Copyright Crackdown Threatens Youtube Lip-Syncing
CHARLOTTE, NC- We've all seen cute kids lip-syncing their favorite songs on YouTube. A new bill could make that illegal.
"I don't think you should go after little 8 year olds that are crying and singing Justin Bieber because it's their favorite person in the world," said YouTube Lip-syncer Cubby Squires.
U.S. Senate bill 978 would toughen copyright laws and make it illegal to upload lip-synced videos.
Squires uploaded a video lip-syncing and dancing to Beyonce’s “Single Ladies” to YouTube two years ago.
51 million views later and an appearance on stage with Beyonce… and he's got cyber success.
"I understand the record companies want to look after themselves because it's a business... it's a profit, and that's fine," said Squires.
Squires shot a new video in Charlotte on Monday.
Under the new bill, it could get him into trouble.
For publicly performing copyrighted material and uploading those to sites like YouTube, the bill presents a very steep penalty... up to five years in prison.

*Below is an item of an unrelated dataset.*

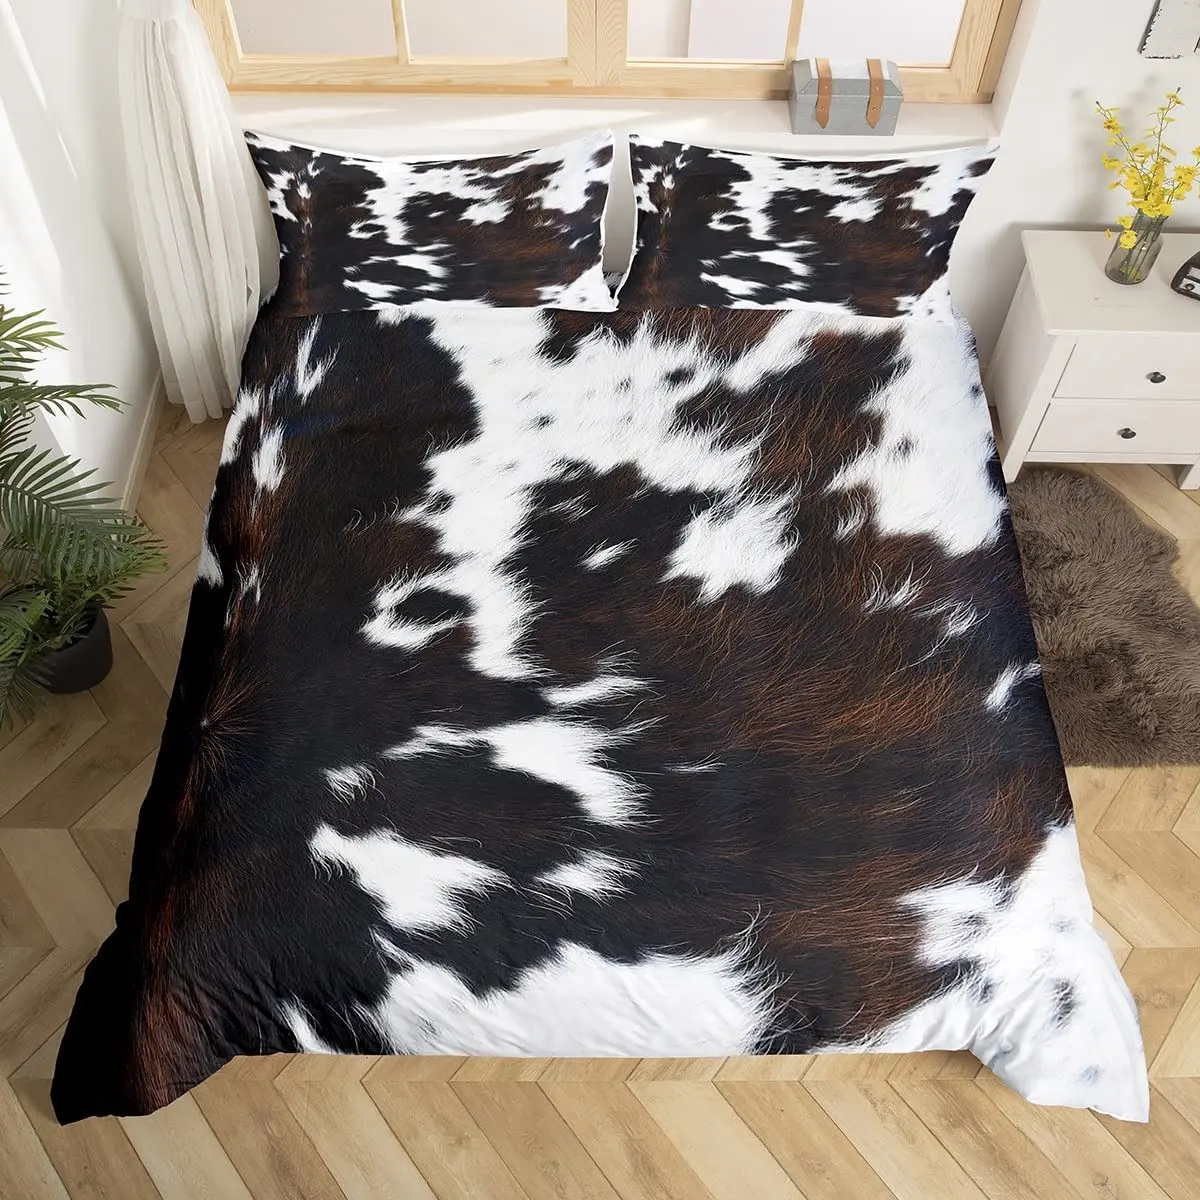 Cowhide Duvet Cover Brown Cow Print Bedding ,Western Rustic Farmhouse Farm Animal Bedding Sets Highland Cow Fur Comforter Cover

Ben Sidbury practices copyright law, including audio recordings and digital media.
"The way the statute is written... It would now criminalize anybody that performs a copyrighted work, which is essentially nowadays any song under the sun," said Sidbury.
So, YouTube sensations like 16 year-old Keenan Cahill would be guilty under the bill... even if he doesn't make any money.
"In theory at least, the record companies or the Department of Justice could go after a 9-year old or a 12 year old or a 30 year old for publicly performing a song," said Sidbury.